Attualmente, per i voli umani, è in uso la versione Sojuz 2.1A. Dotata di un diverso sistema di direzionalità dei motori laterali, è in grado di essere lanciata da piattaforme con inclinazione pari a 0°. Inoltre, i motori RD-107A ed RD-108A del primo stadio e dei blocchi laterali, forniscono la spinta necessaria sia al raggiungimento dell’orbita bassa in sole due ore, che la possibilità di portare un carico utile di 8300 kg.
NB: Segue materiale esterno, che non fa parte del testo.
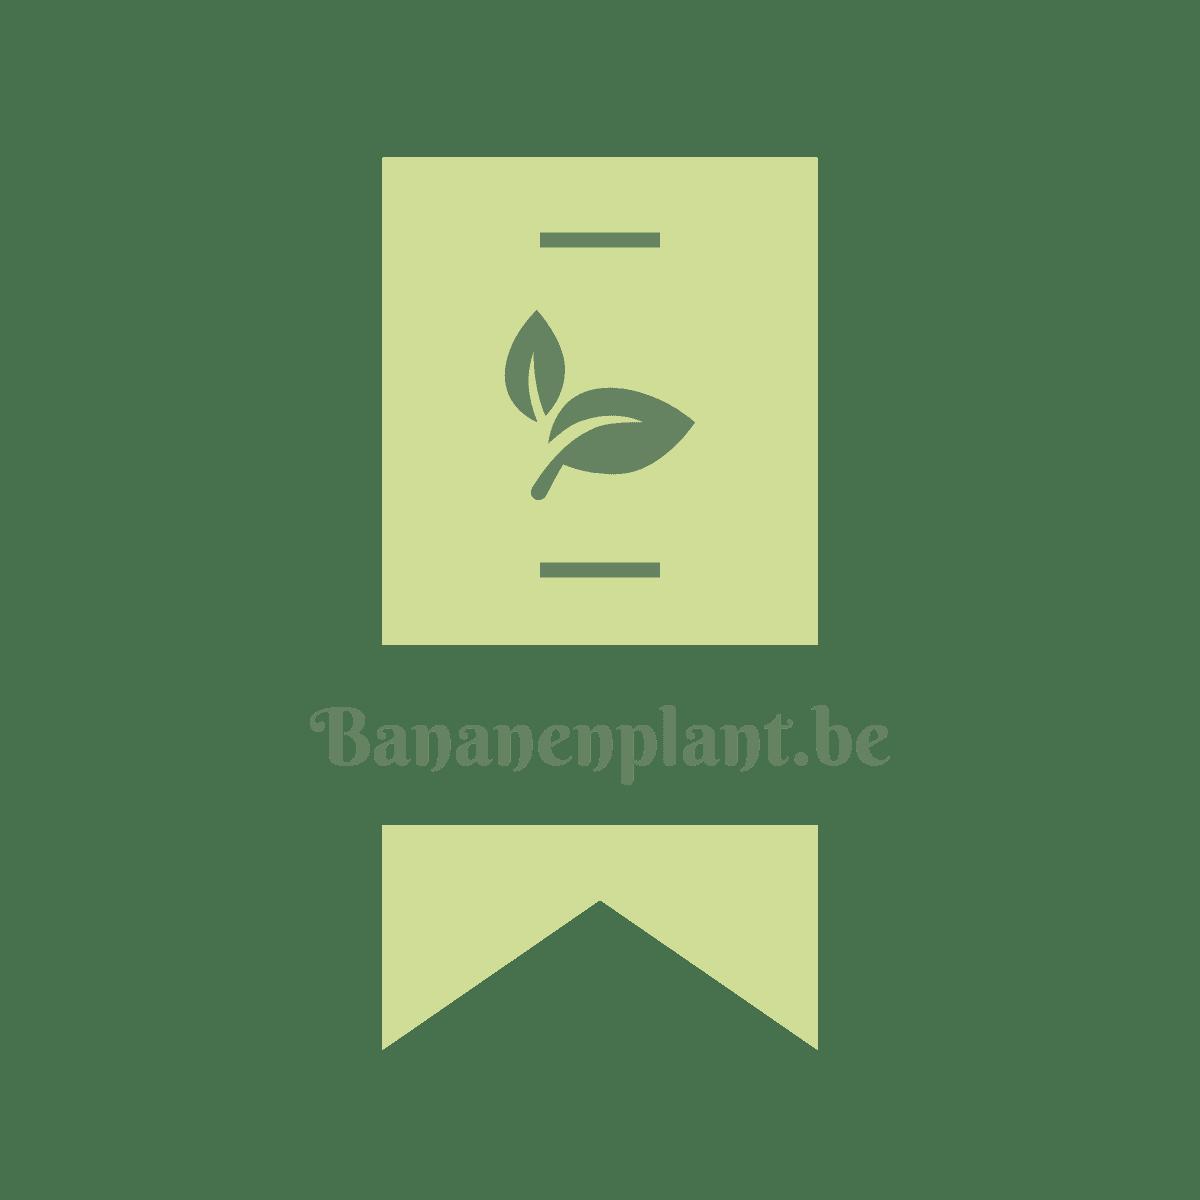 logo_bananenplant
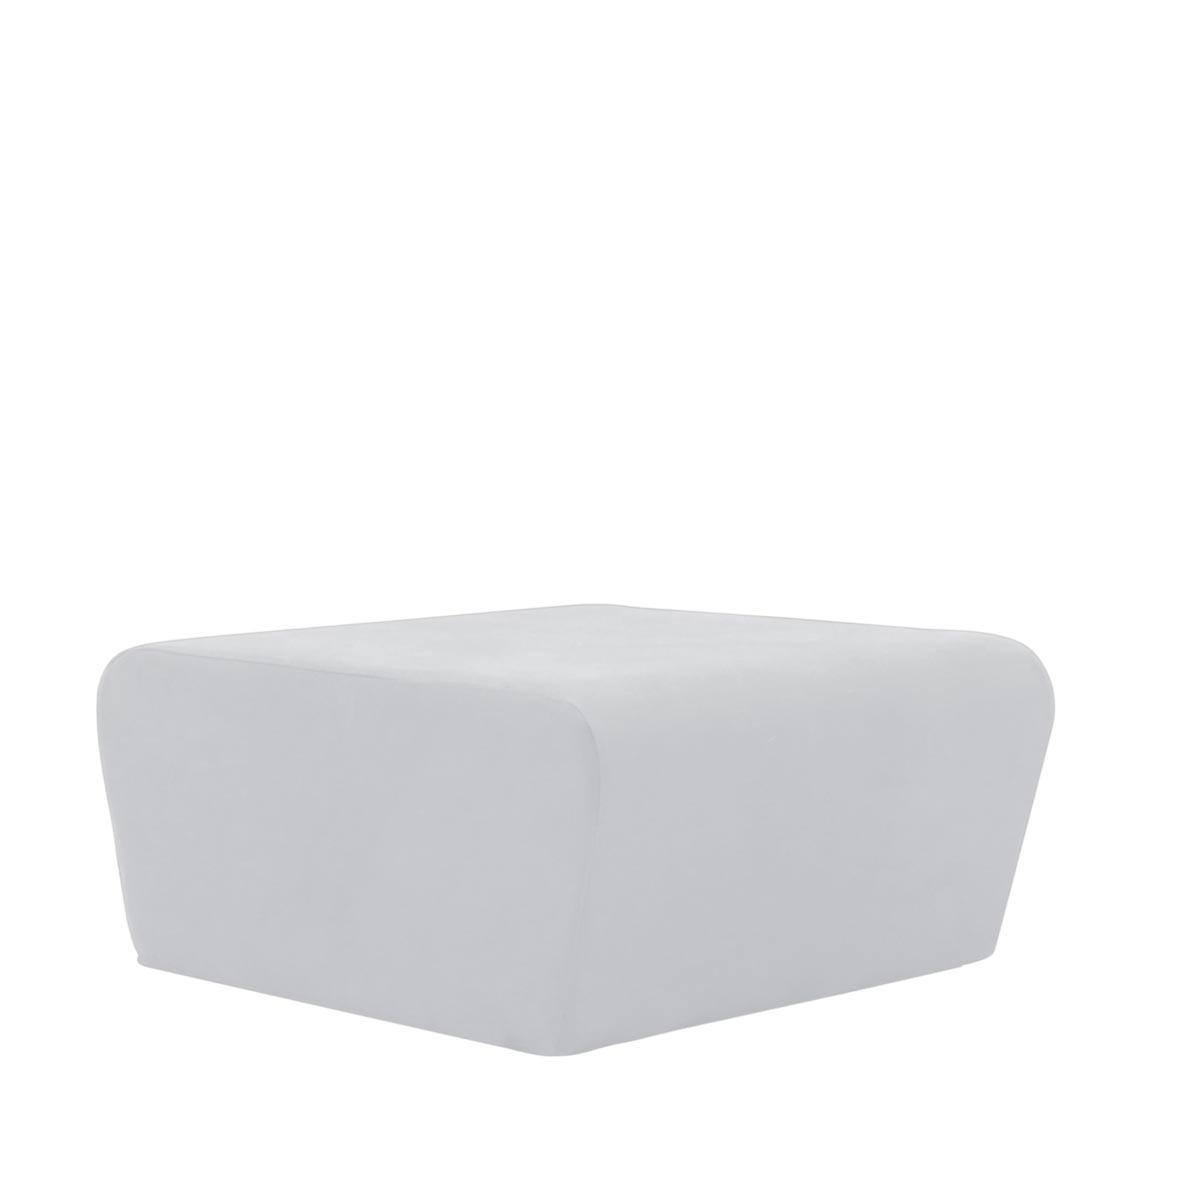 Pufe Muss R02 Tecido Lonita Branco 02

Particolare e praticamente immutata dai tempi delle Sputnik, è la torre di lancio. Dotata di un sistema denominato Tyulpan, è un complesso semipermanente. La piazzola di lancio è fissa, dotata di tutti i sistemi per il contenimento dell’ignizione dei gas di scarico, mentre la rampa vera e propria viene trasportata a bordo si uno speciale carro ferroviario direttamente dall’edificio di assemblaggio. Una volta che il lanciatore si trova sulla piazzola, in sistema idraulico lo solleva insieme alla rampa. Non appena in posizione, in lanciatore viene depositato su di un “petalo” di contrappesi che, sfruttando ingegnosamente il peso del vettore, lo serrano con delle morse laterali in posizione. Viene quindi sollevata la struttura di servizio dotata anche delle passerelle e degli ascensori per il personale tecnico e l’eventuale equipaggio. A questo punto il carro ferroviario viene allontanato. Nelle ultime fasi prima del lancio, la torre di servizio e le torri ausiliarie vengono rilasciate. Il lanciatore, ora libero, è tenuto fermo dalle morse e dal proprio peso. L’accensione dei motori farà il resto, liberando progressivamente il peso dal sistema a contrappesi e, conseguentemente, aprendo le morse di ritegno. Un sistema tanto ingegnoso quanto semplice. Nella vera tradizione russa…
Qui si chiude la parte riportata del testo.